Nothing but the lines from the one that holds "Tall Cylinder Form" through the end of the material should be repeated, each exactly as it stands, and pictures stay out.

**Data below**.
****************************************

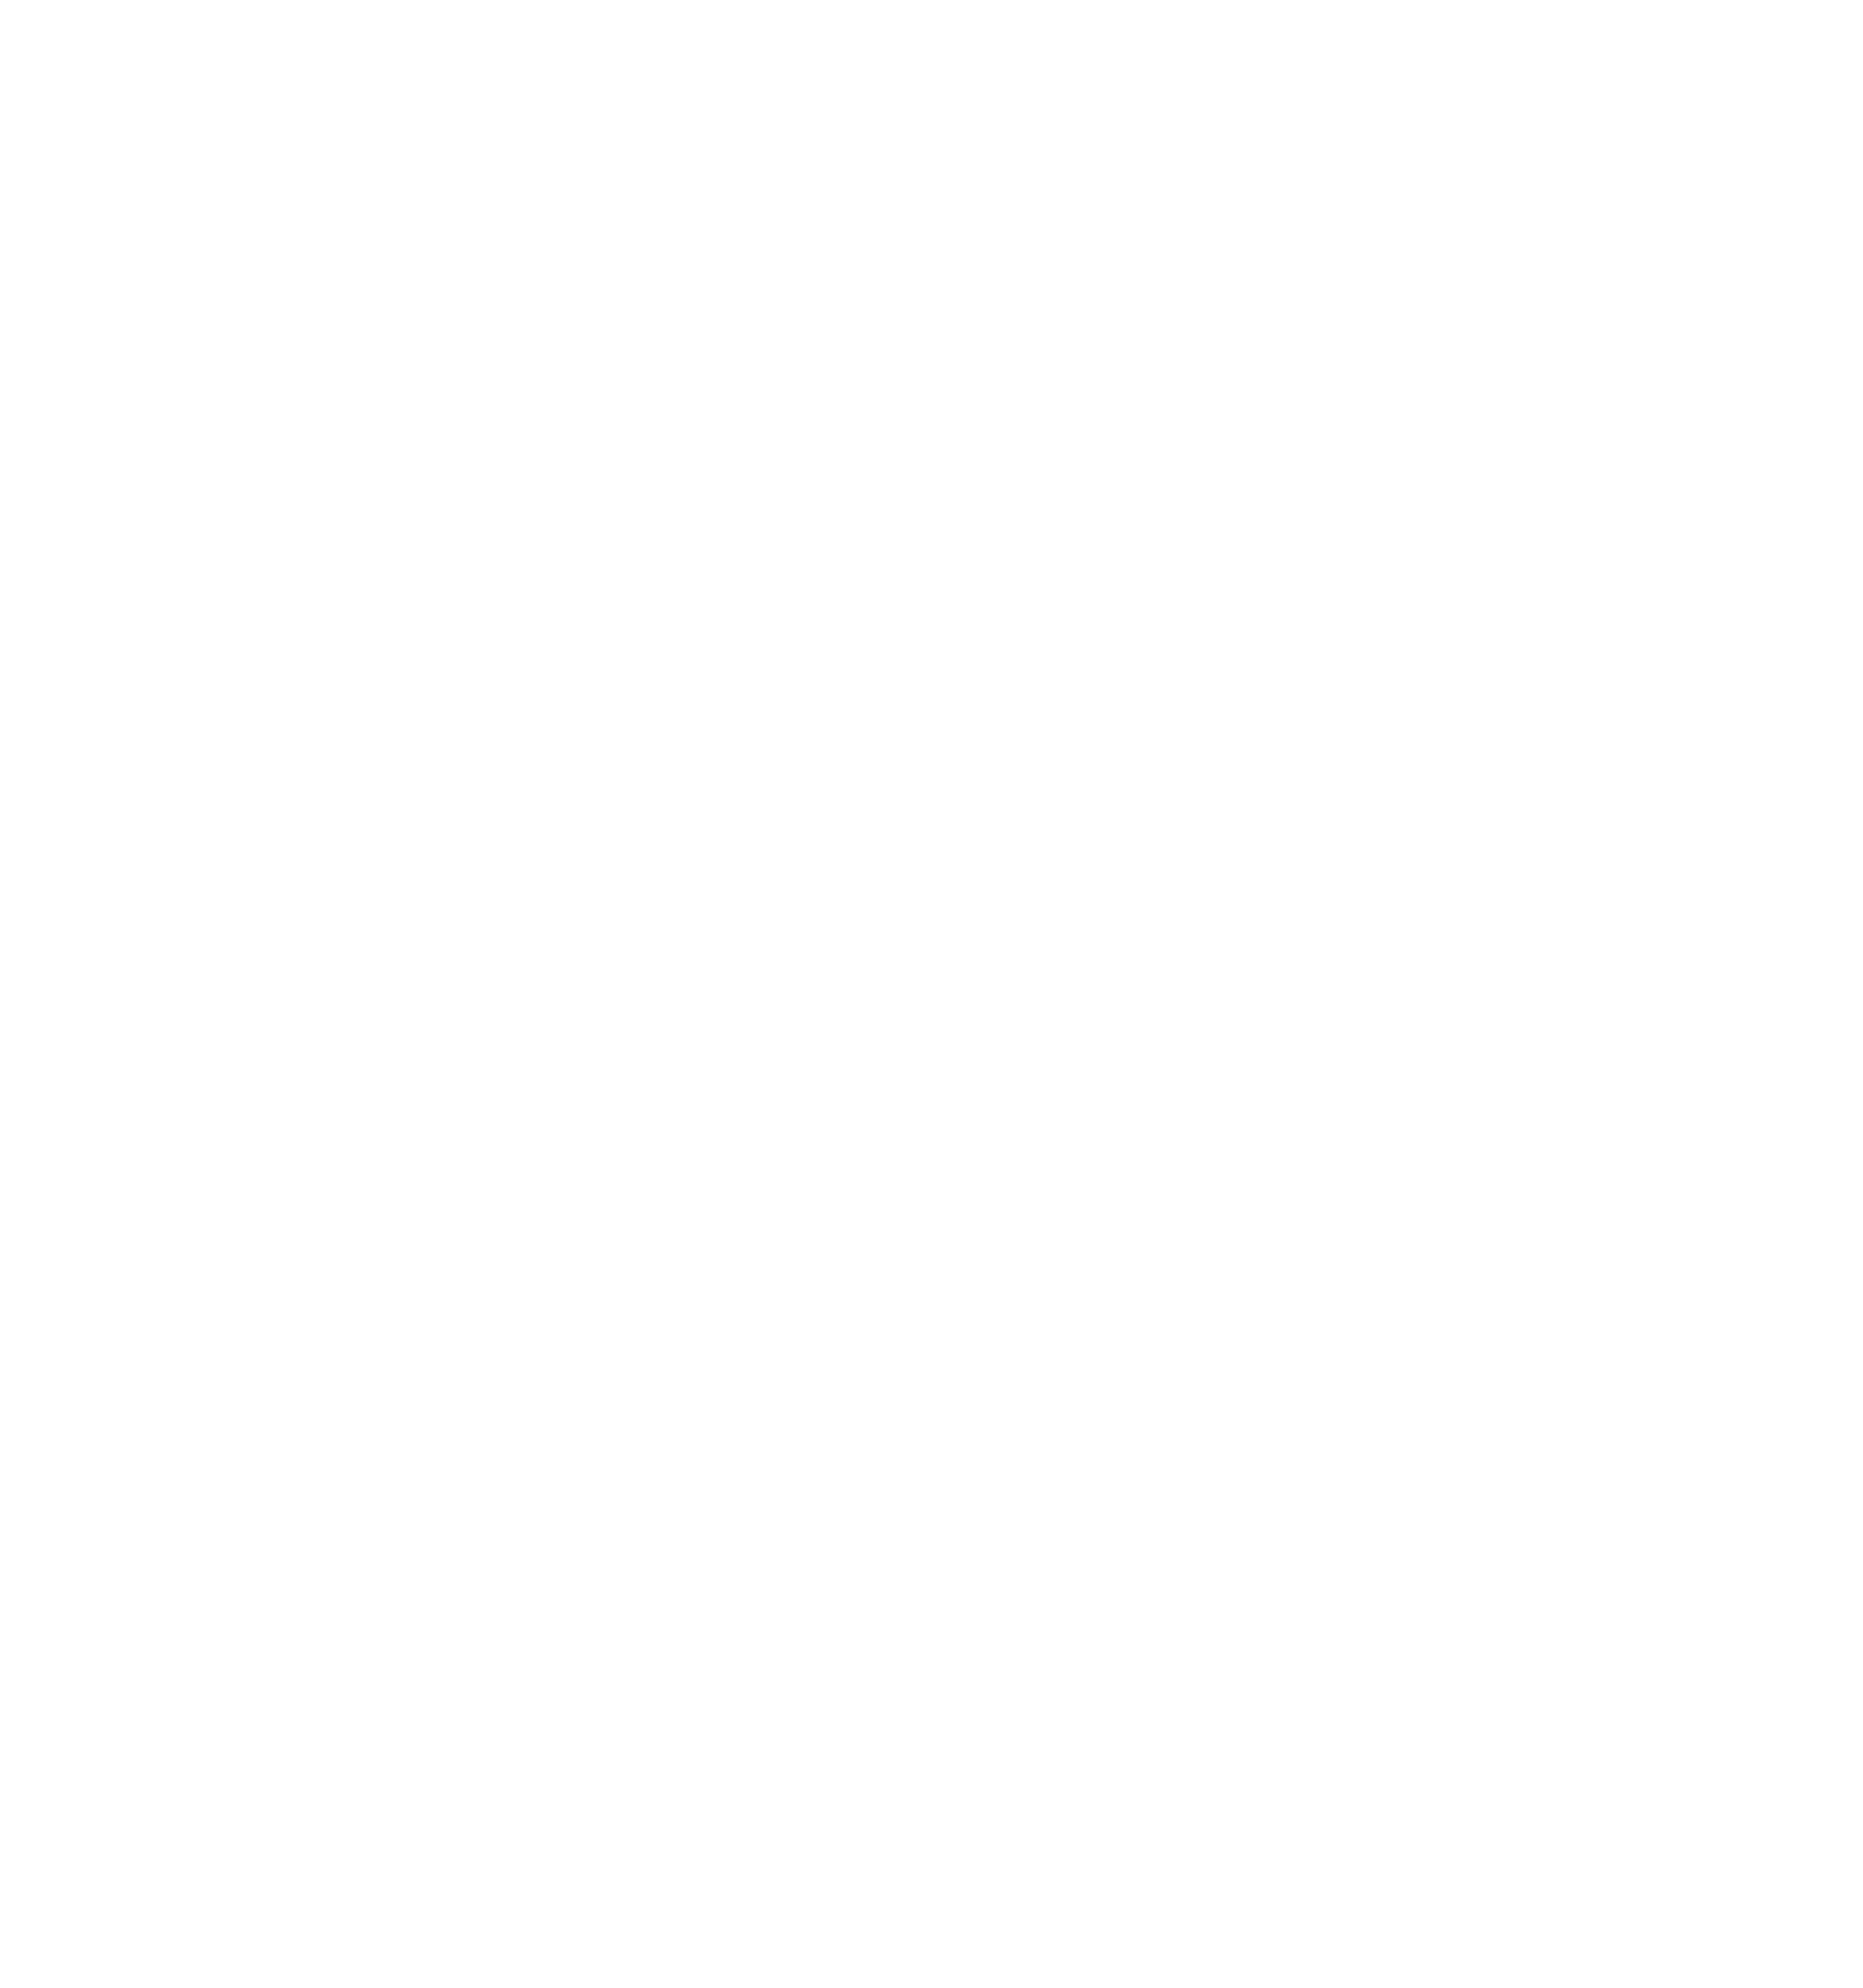 Blind Bend Studio Logo
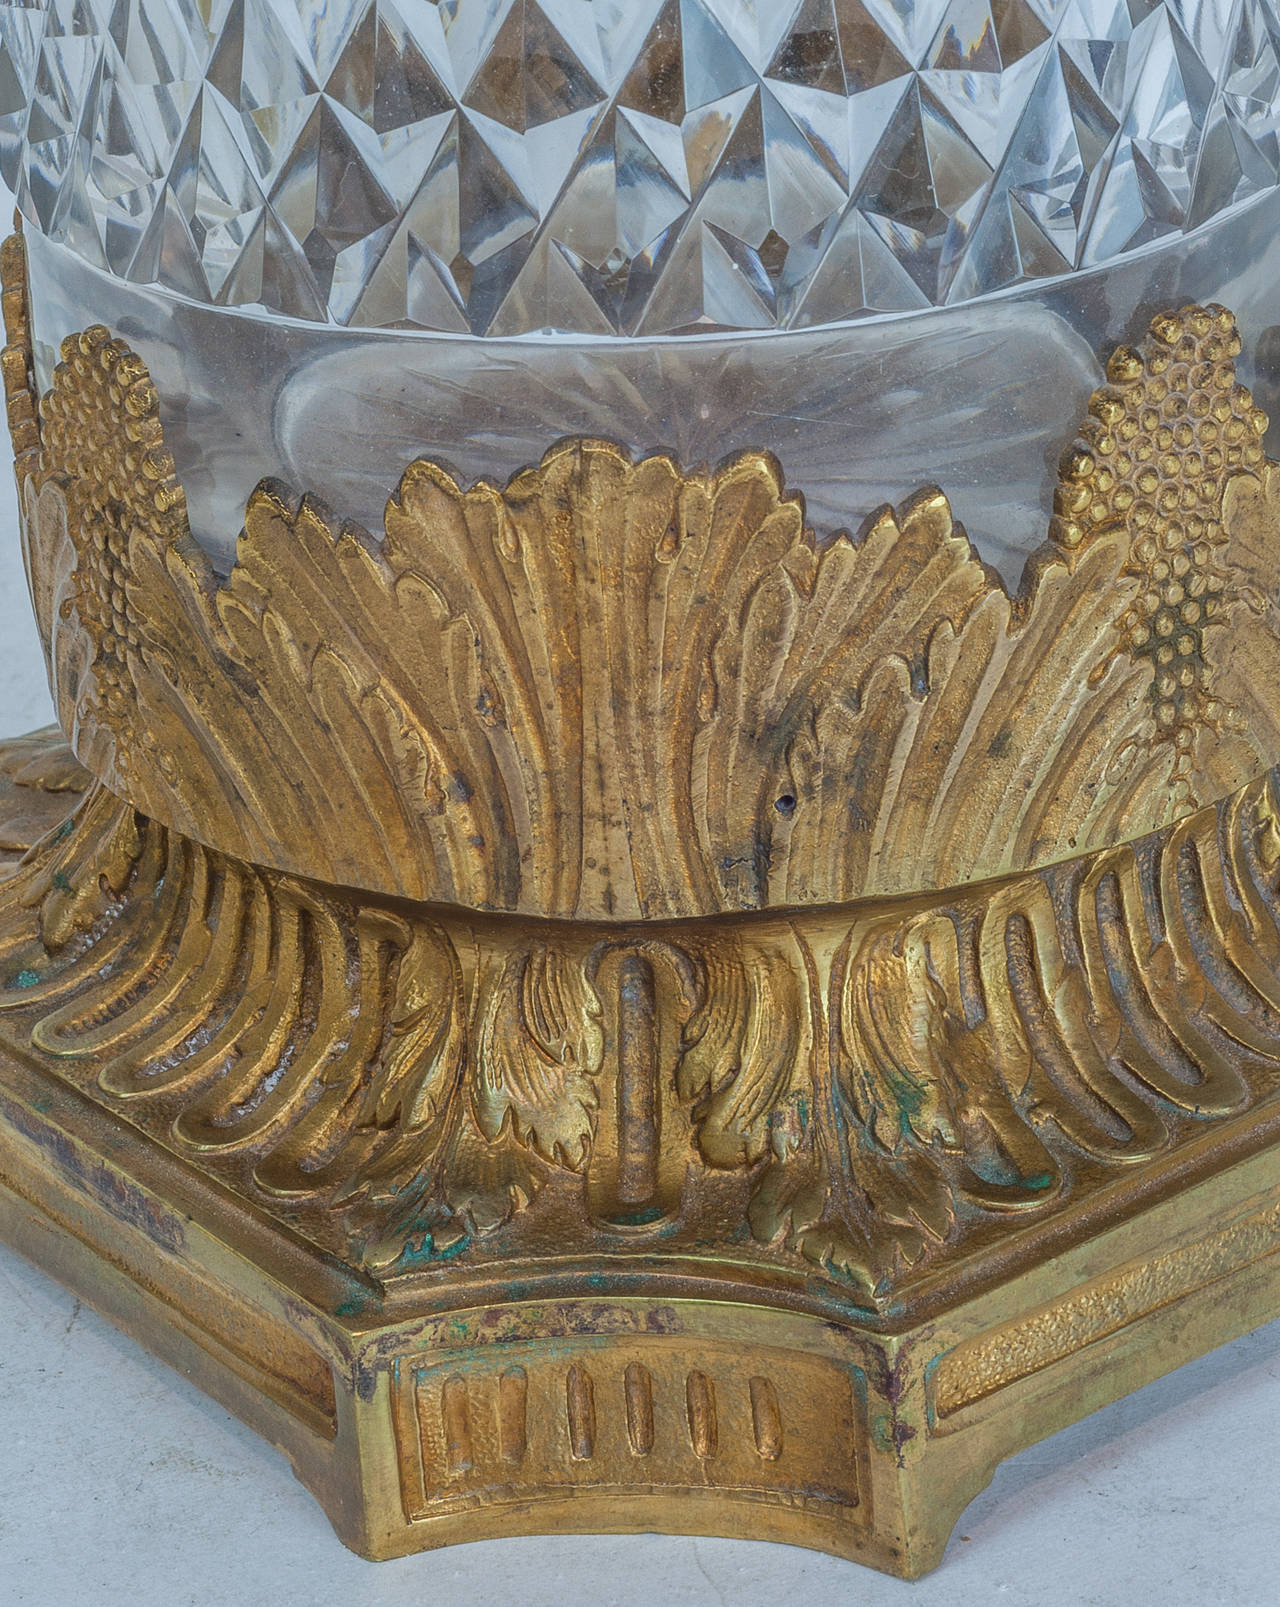 Tall Cylinder Form Crystal and Bronze Flower Vase Centerpiece
Stock Number: DA42
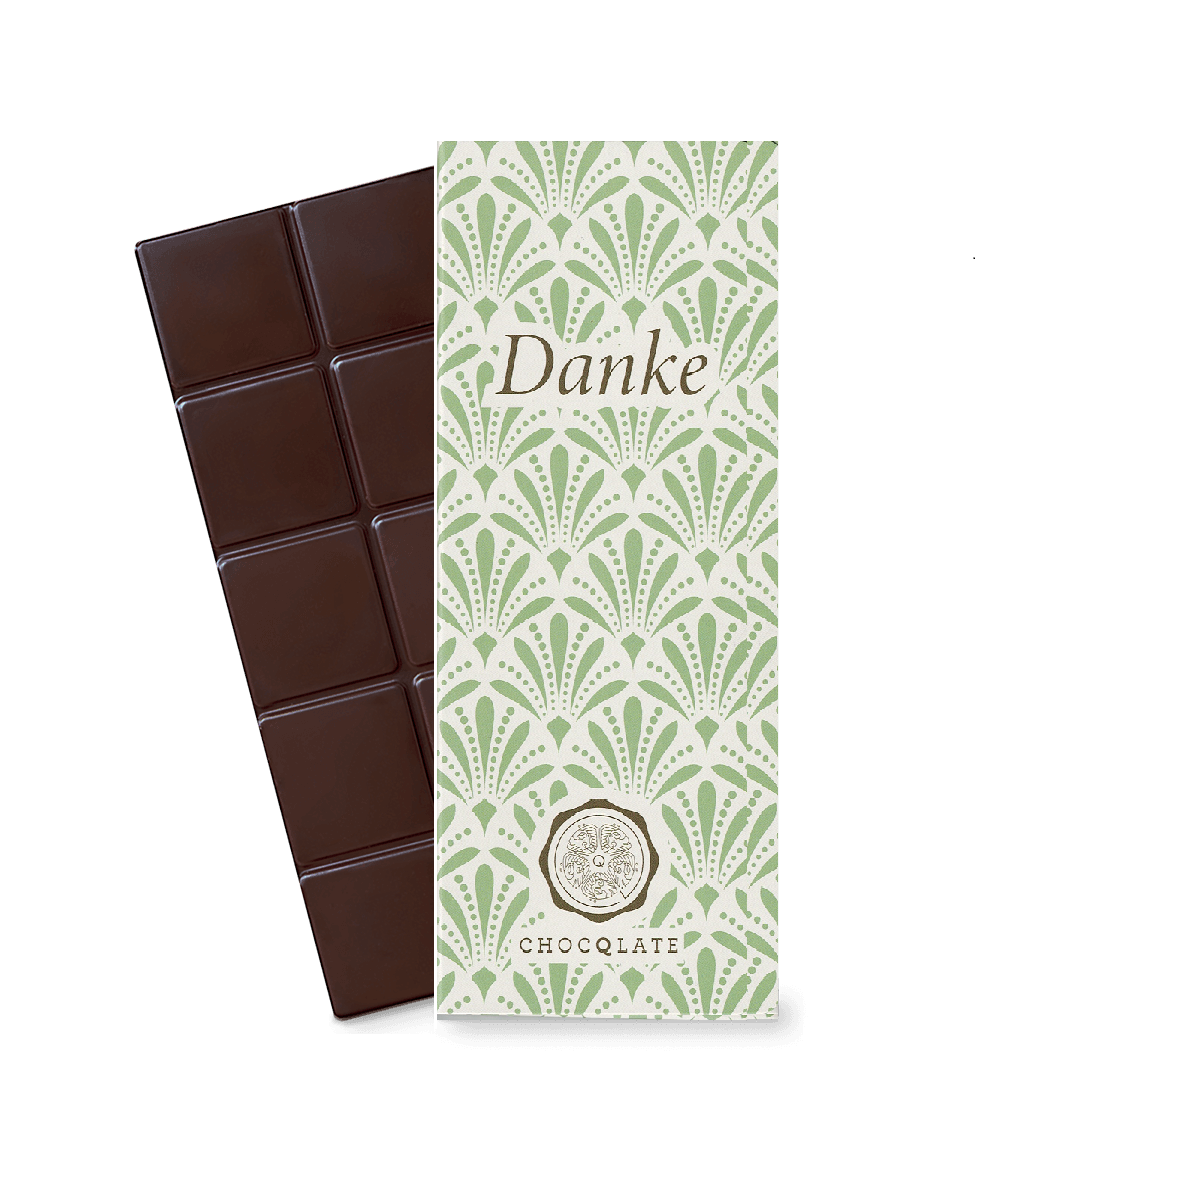 "Danke" CHOCQLATE Bio Schokolade 50% Kakao

****************************************

**Answer for the task**.
 Tall Cylinder Form Crystal and Bronze Flower Vase Centerpiece
Stock Number: DA42
 "Danke" CHOCQLATE Bio Schokolade 50% Kakao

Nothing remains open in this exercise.